== Exercise directions ==
Below is a listing to write out in full, exactly as given, without its pictures.

== Provided data ==

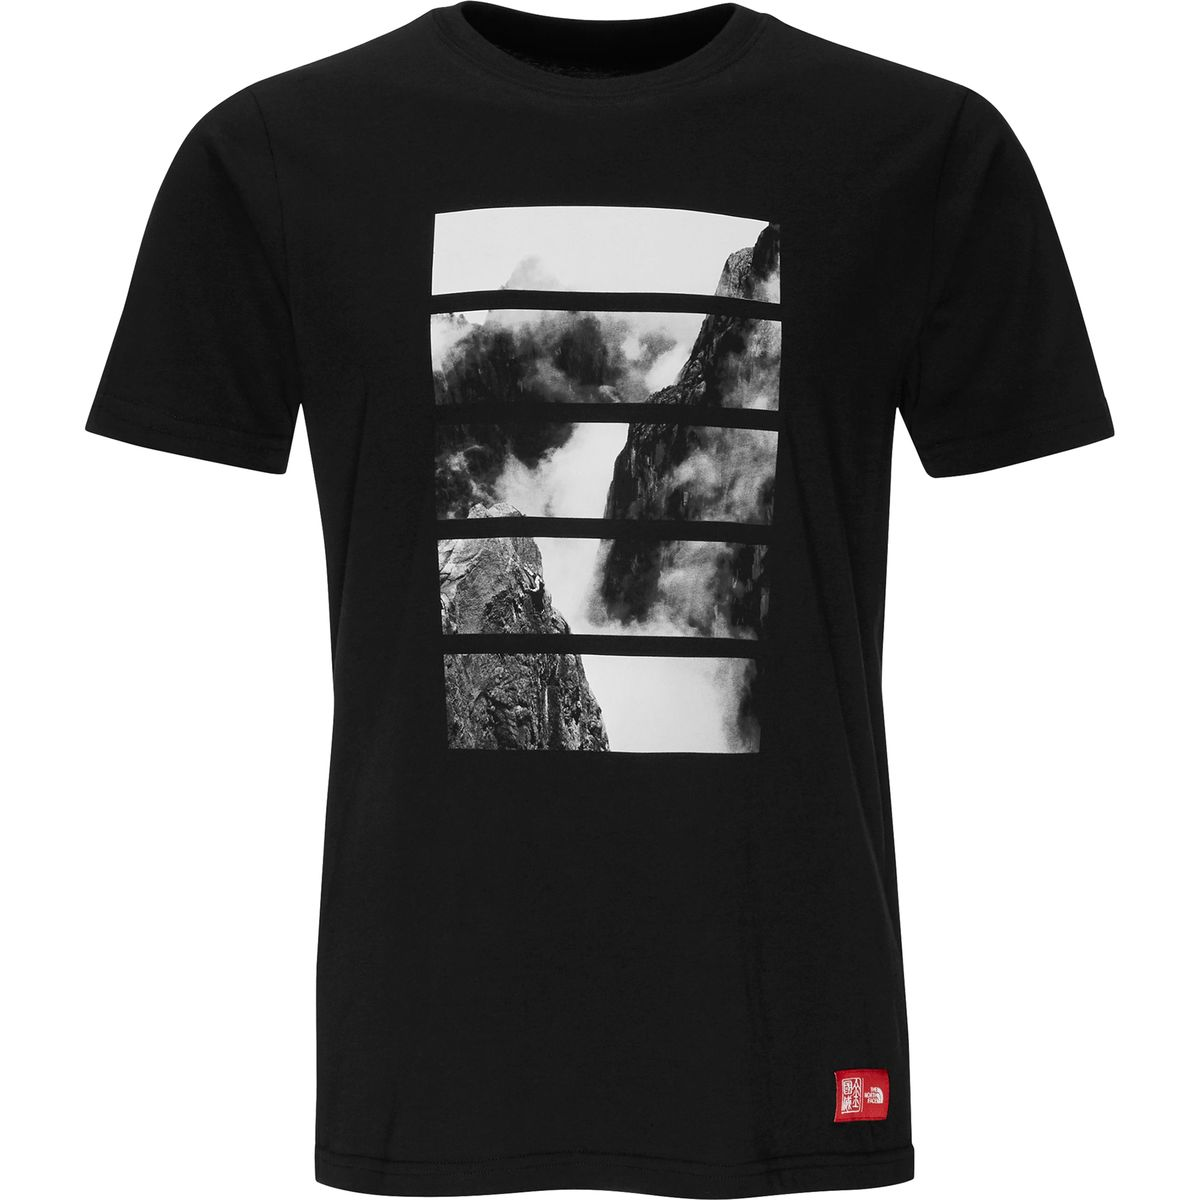 The North Face Jimmy Chin Short-Sleeve T-Shirt - Men
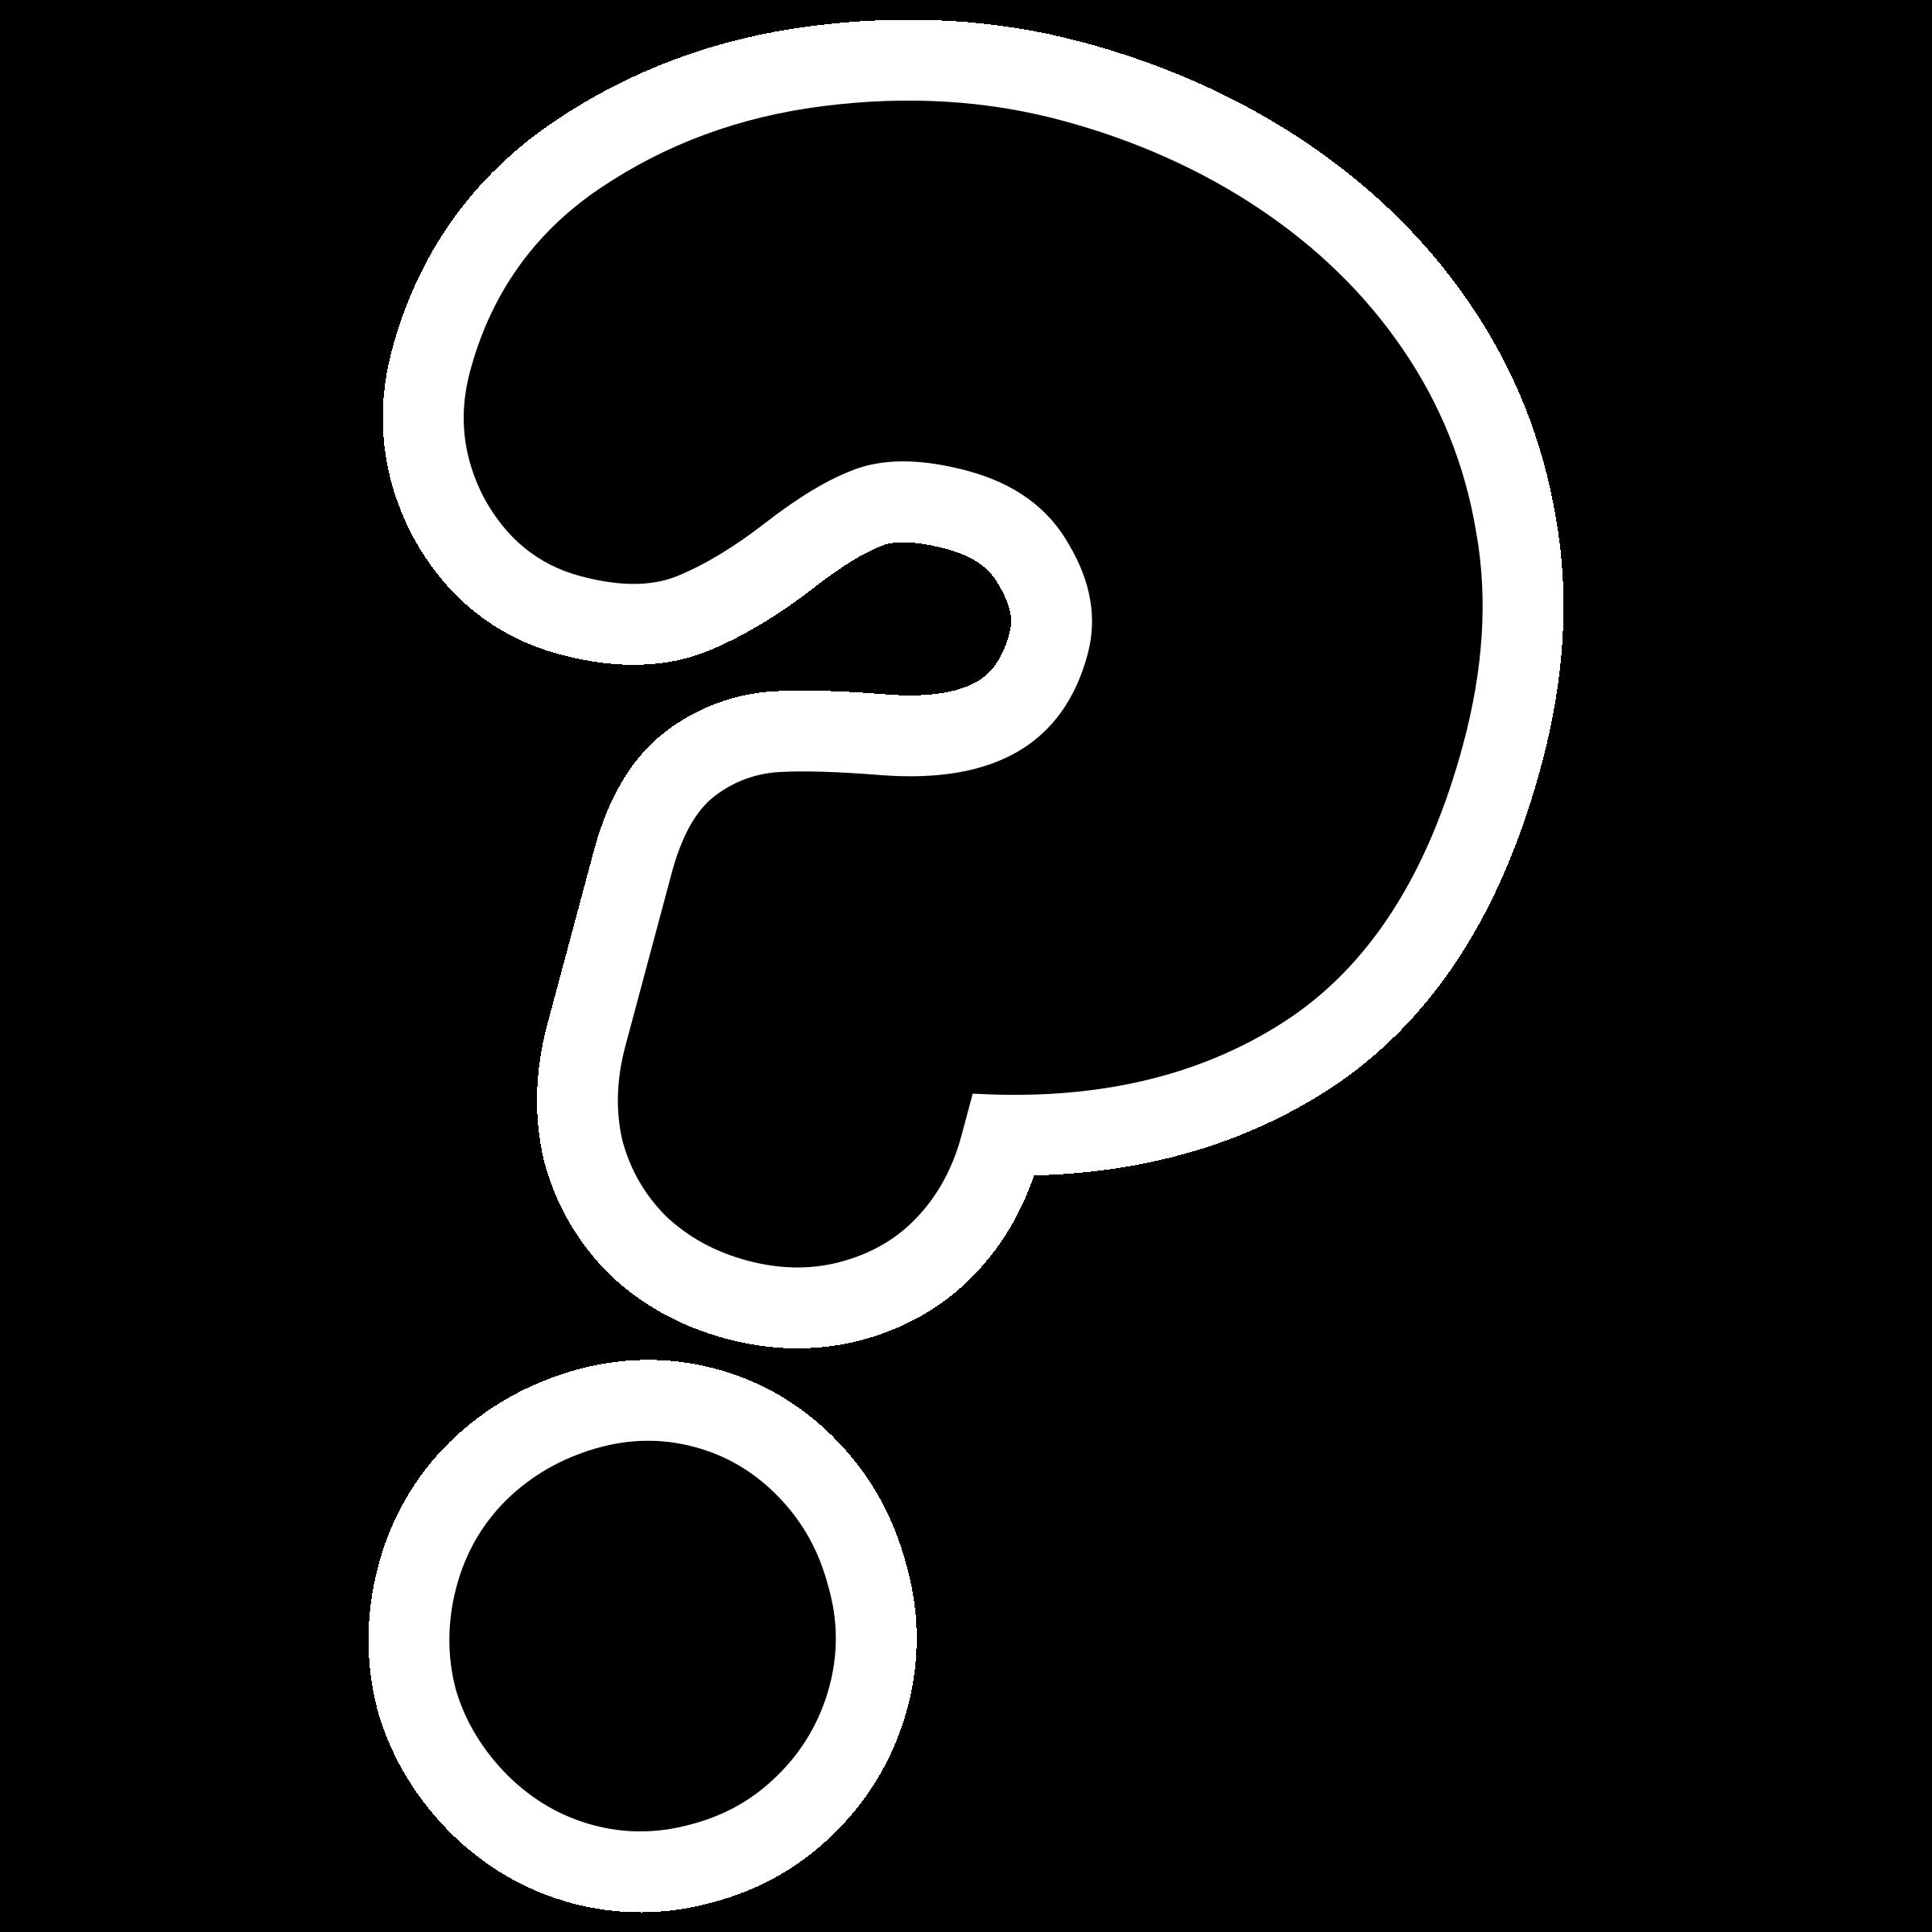 Question Mark Clipart & Question Mark Clip Art Images.
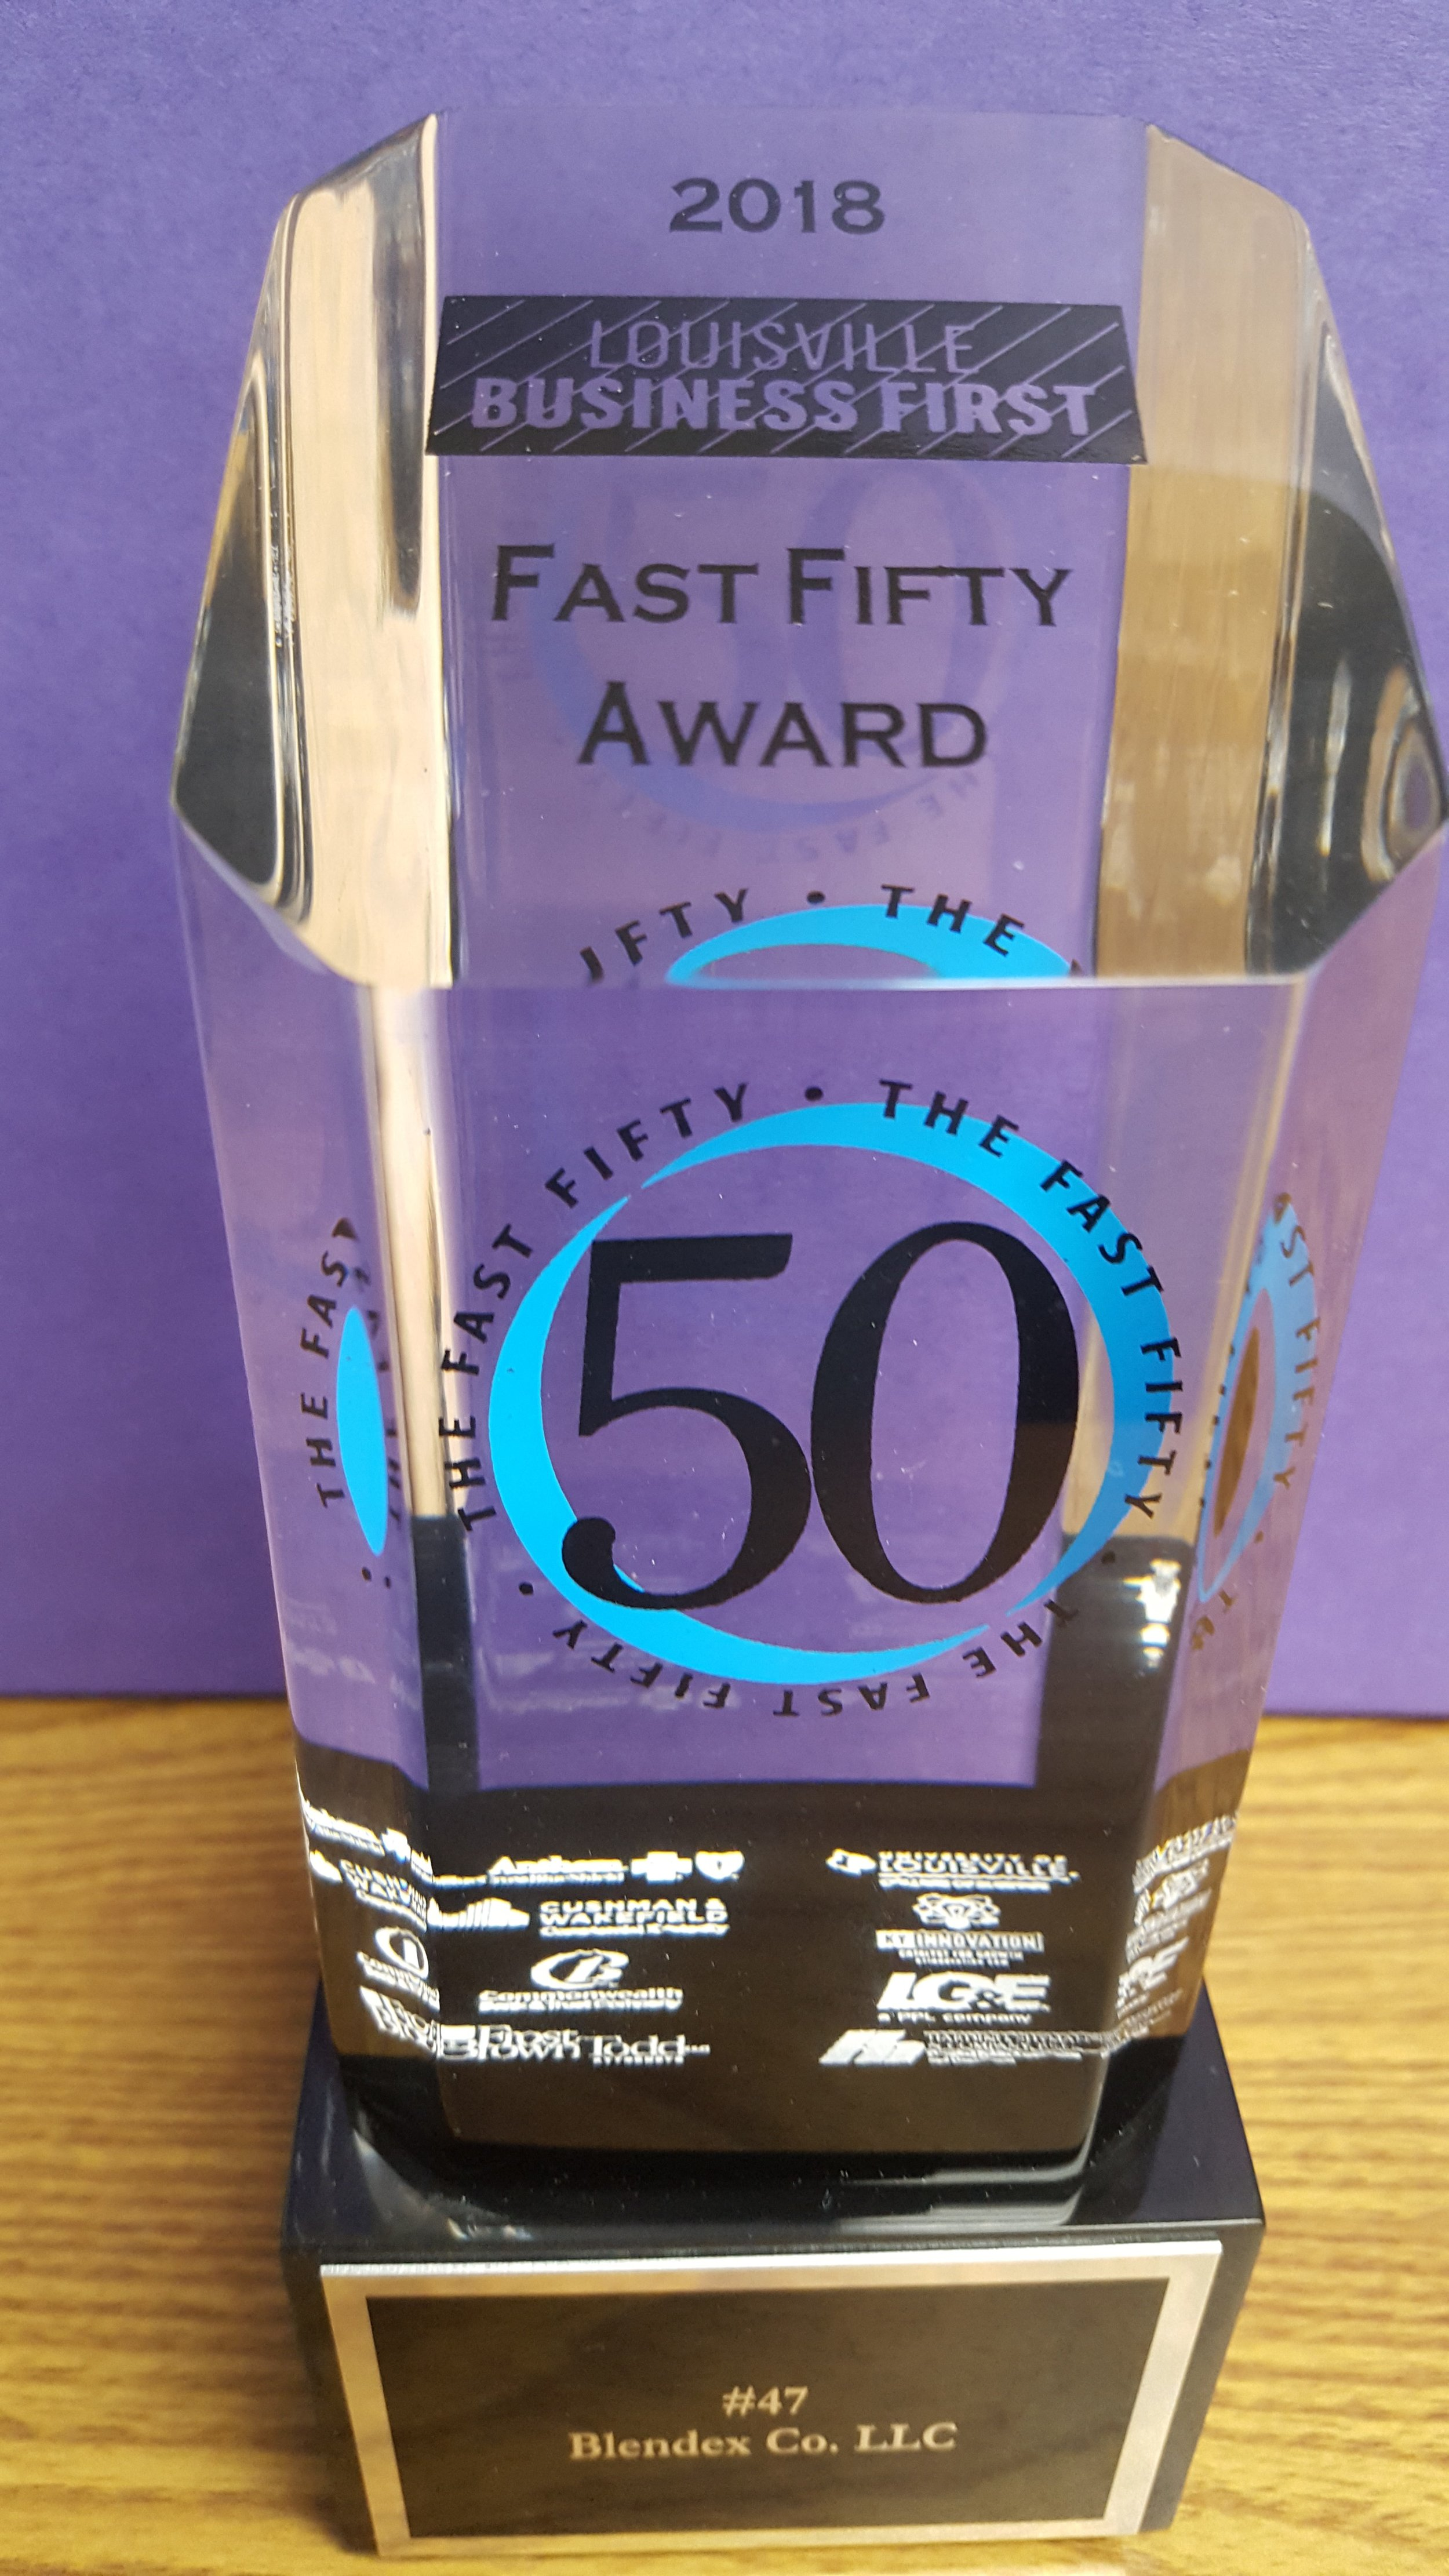 Blendex wins award! -

== Answer space ==
 The North Face Jimmy Chin Short-Sleeve T-Shirt - Men
 Question Mark Clipart & Question Mark Clip Art Images.
 Blendex wins award! -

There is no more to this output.